(Bloomberg) -- A prominent proxy-advisory firm is telling shareholders to vote against Goldman Sachs Group Inc.’s executive-pay plan after the Wall Street giant’s top leaders were given lofty raises in a year when profits slumped.

Glass, Lewis & Co., a major voice on annual shareholder votes, cited the “significant disconnect between pay and performance” at New York-based Goldman in making its recommendation. The bank had boosted Chief Executive Officer David Solomon’s compensation to $31 million, marking a 24% jump for a year when Goldman’s earnings plunged by a similar amount. 

“This does not instill a sense of optimism that the ongoing disconnect will see improvement in the near term,” Glass Lewis said in its recommendation on the non-binding vote. “Given these factors, we believe that shareholders may reasonably withhold support from this proposal at this time.”
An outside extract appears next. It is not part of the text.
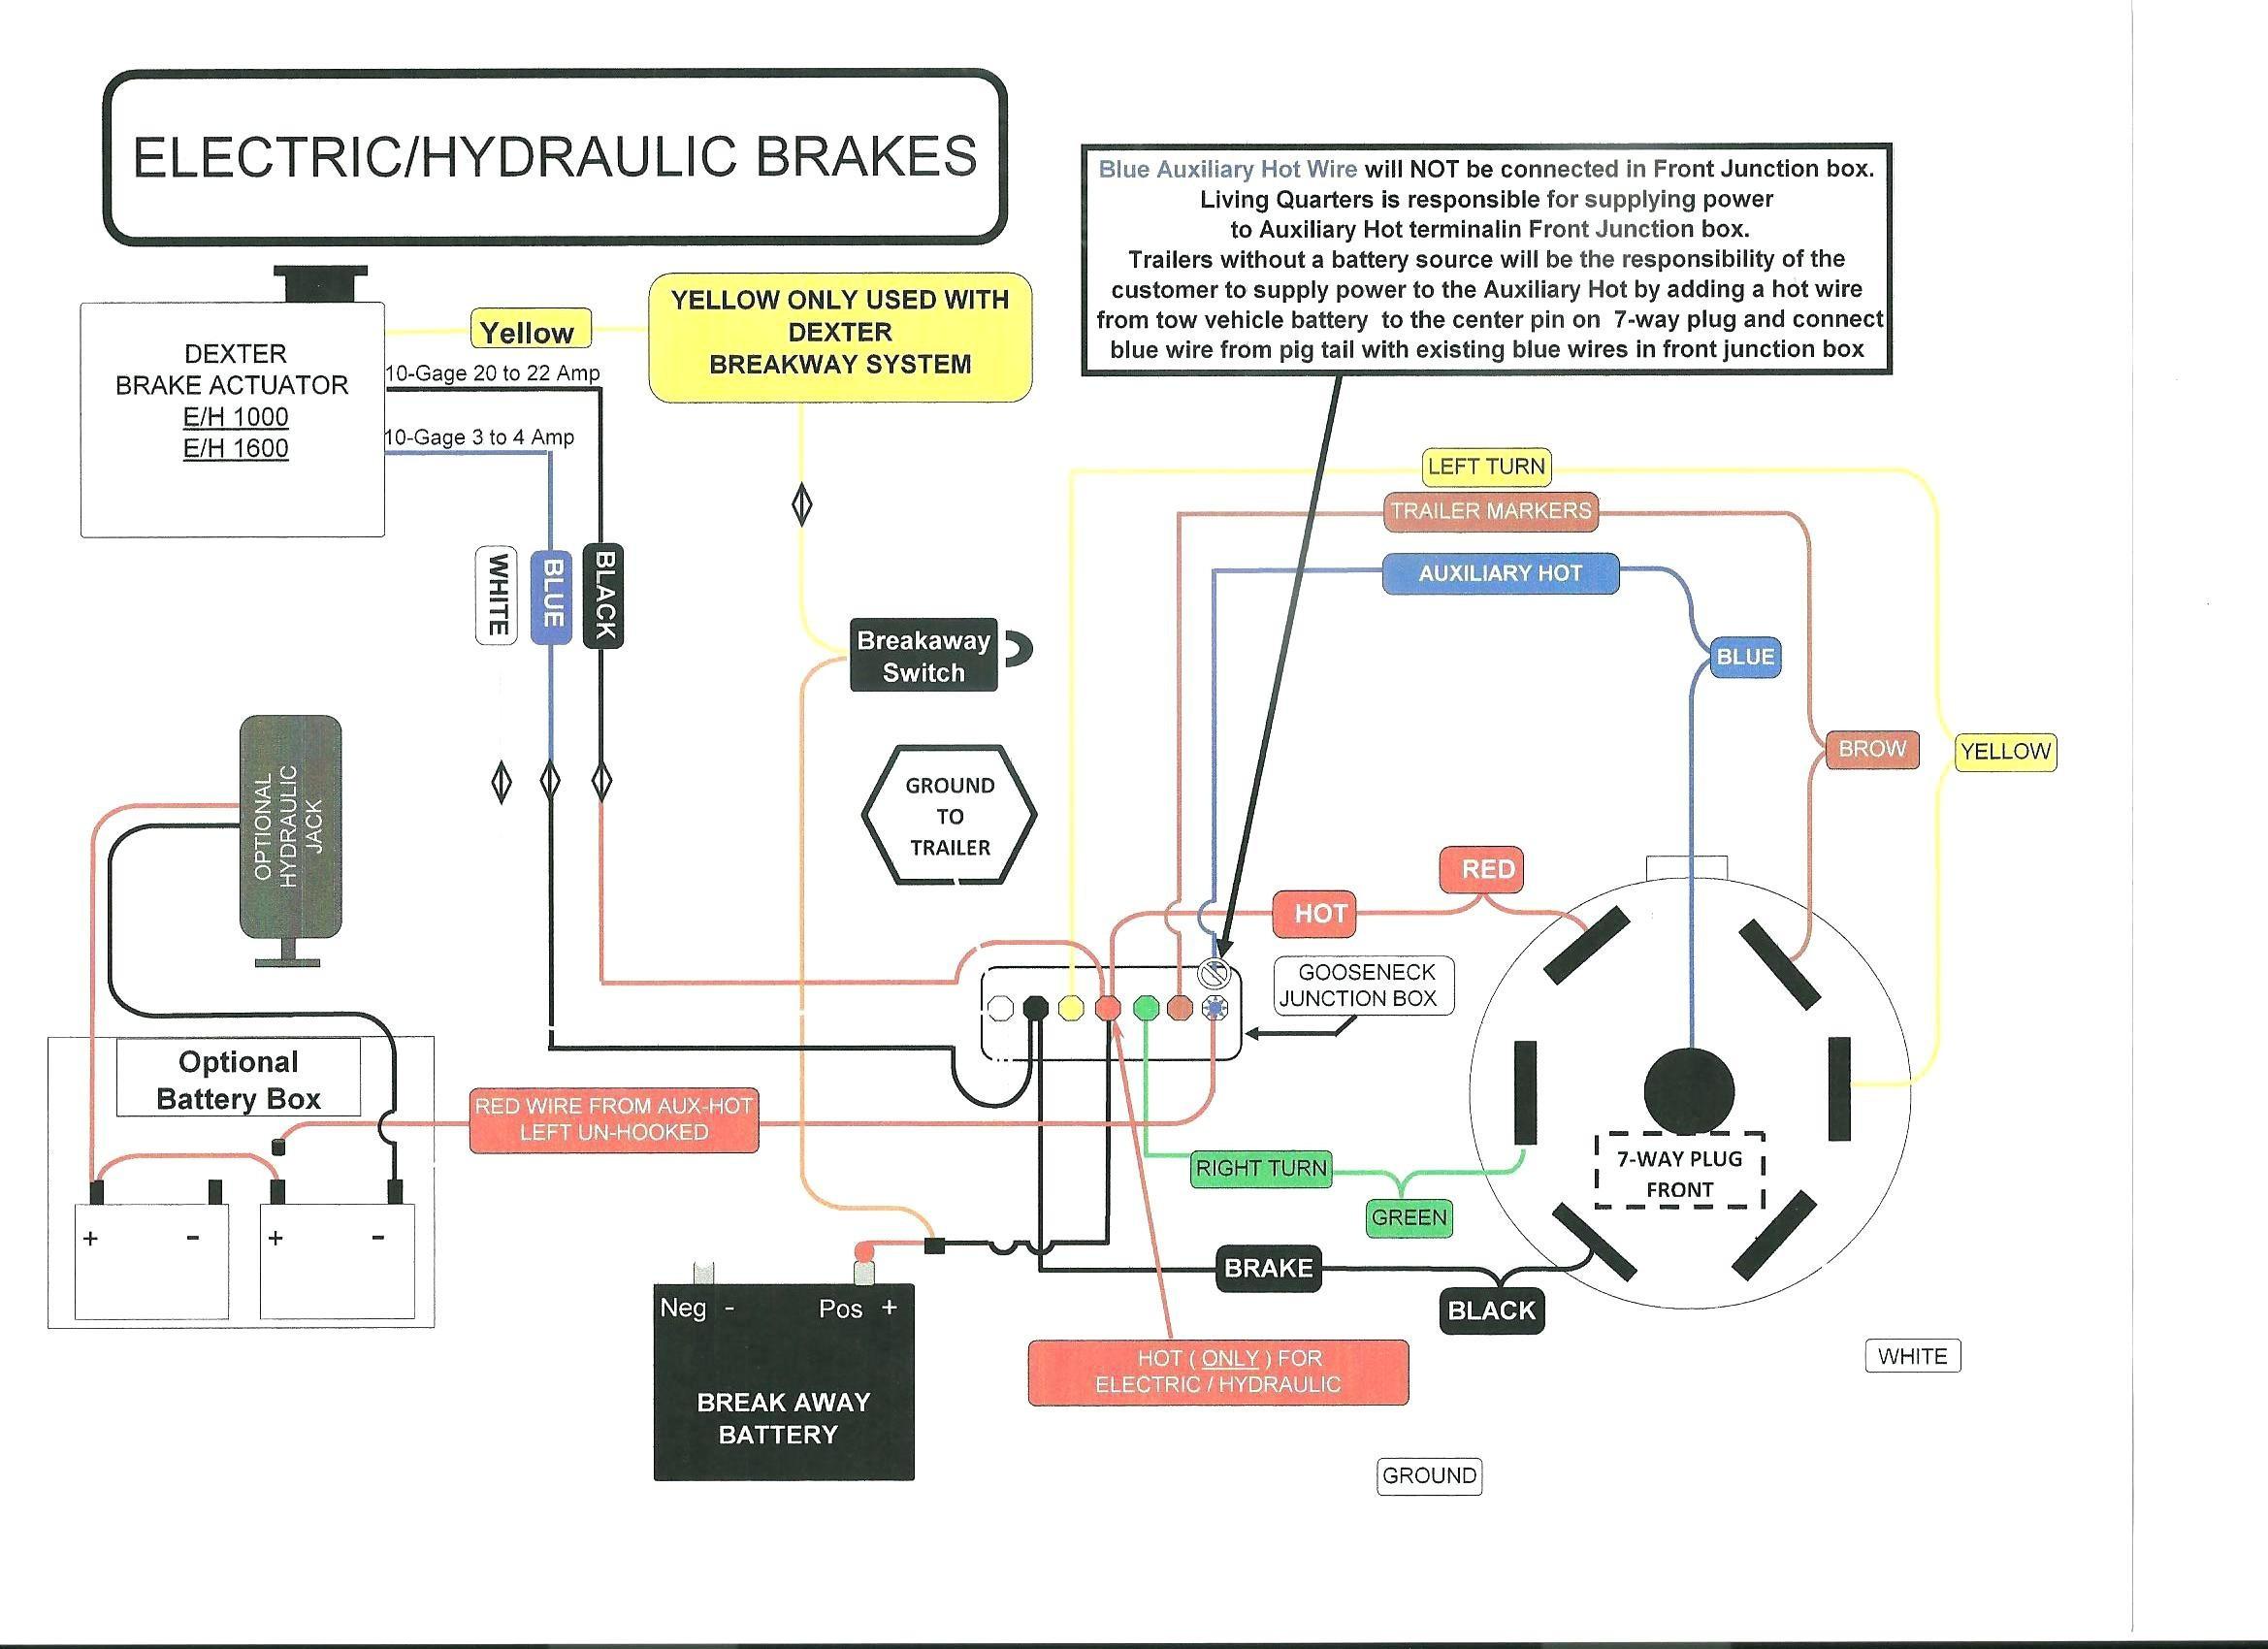 Ww 4895 Electric Trailer Breakaway Wiring Diagram Wiring Diagram

Other executive officers also recorded an increase in their 2023 compensation. Goldman Chief Operating Officer John Waldron’s pay package jumped 28% to $30 million.
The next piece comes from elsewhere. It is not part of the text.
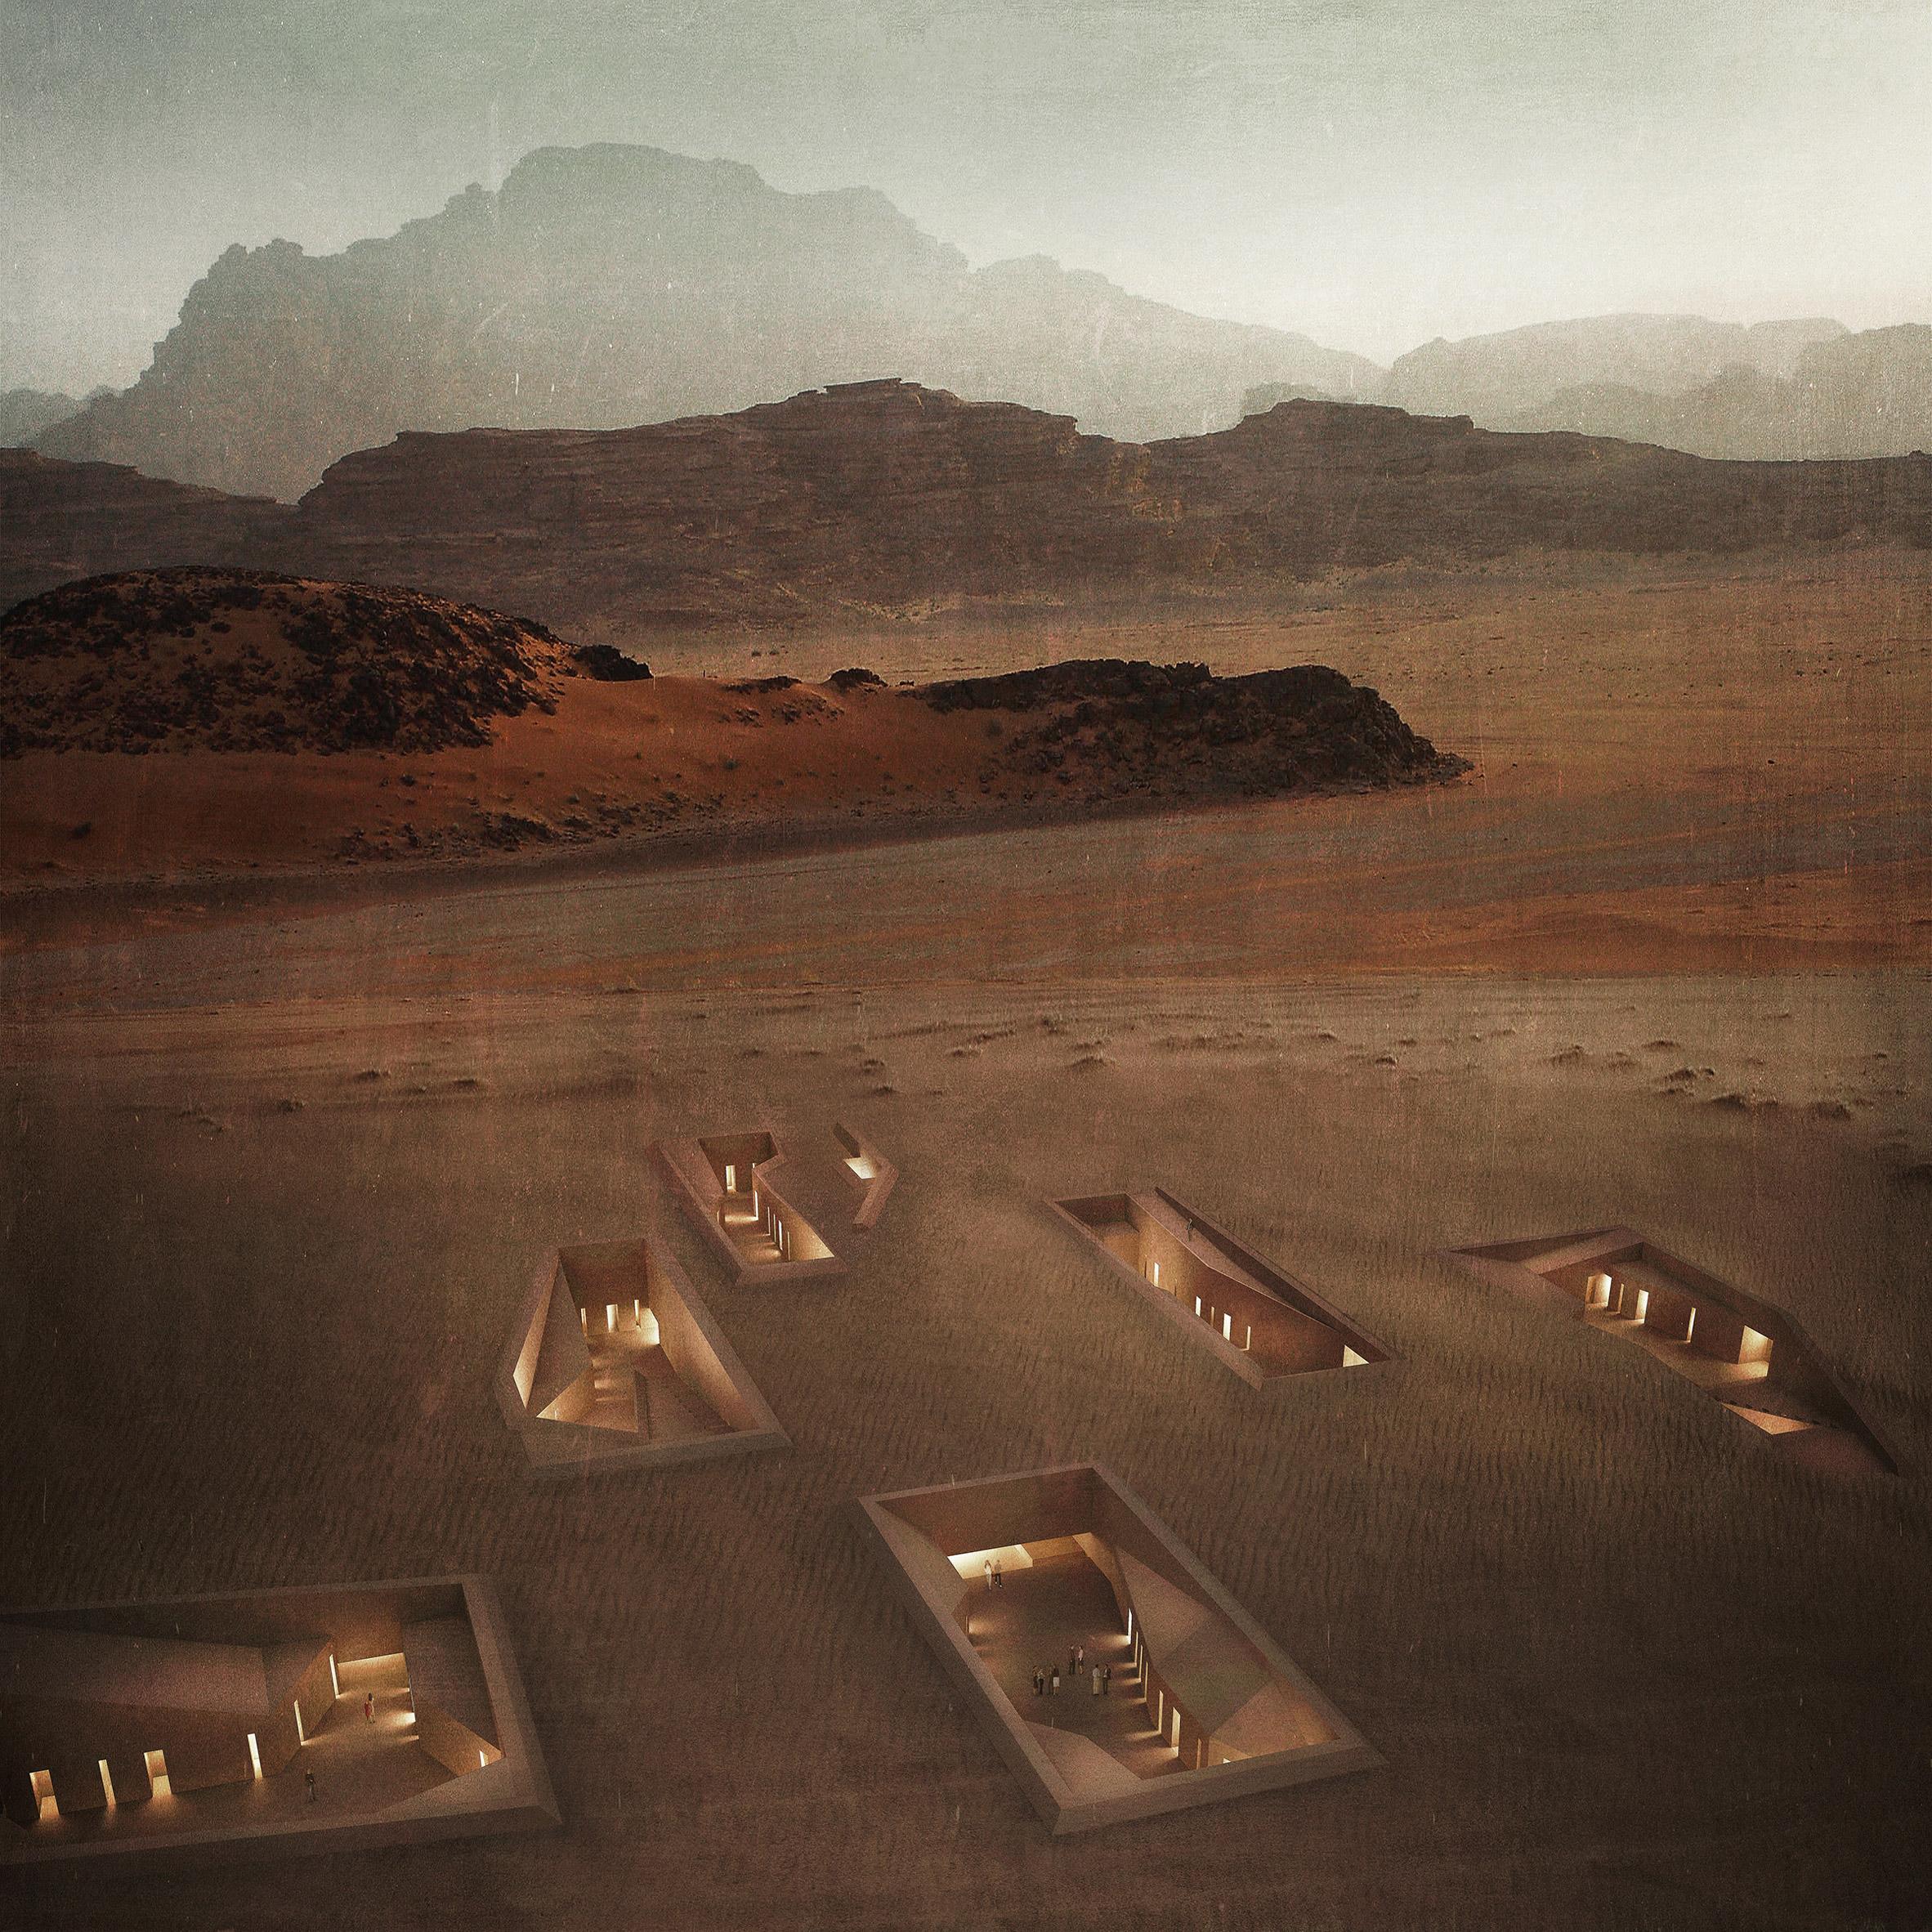 Rasem Kamal proposes warren of subterranean services for Jordan's Wadi Rum

Glass Lewis said that Goldman shareholders should be wary of the continued disconnect between pay and performance, with the company receiving its second consecutive “F” grade. Despite Goldman receiving the same grade last year, Glass Lewis had recommended shareholders sign off on the pay plan then.

The board lifted Solomon’s pay as the firm spent much of the past year dousing internal rifts and pitching investors on a simplified strategy. After giving up on its retail-banking ambitions, New York-based Goldman has returned its focus to business lines embraced by Solomon’s predecessors.
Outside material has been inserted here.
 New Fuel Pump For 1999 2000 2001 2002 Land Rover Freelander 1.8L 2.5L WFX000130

Goldman’s compensation committee cited the CEO’s “decisive leadership in recognizing the need to clarify and simplify the firm’s forward strategy,” according to a February filing. That reasoning drew private gripes from other Goldman executives, who pointed out that the firm was pulling back from a poorly executed retail-banking plan that the CEO had embraced over internal opposition.

The recommendation to vote down the pay proposal comes ahead of the bank’s annual meeting on April 24, where it’s seeking shareholder approval of executive pay.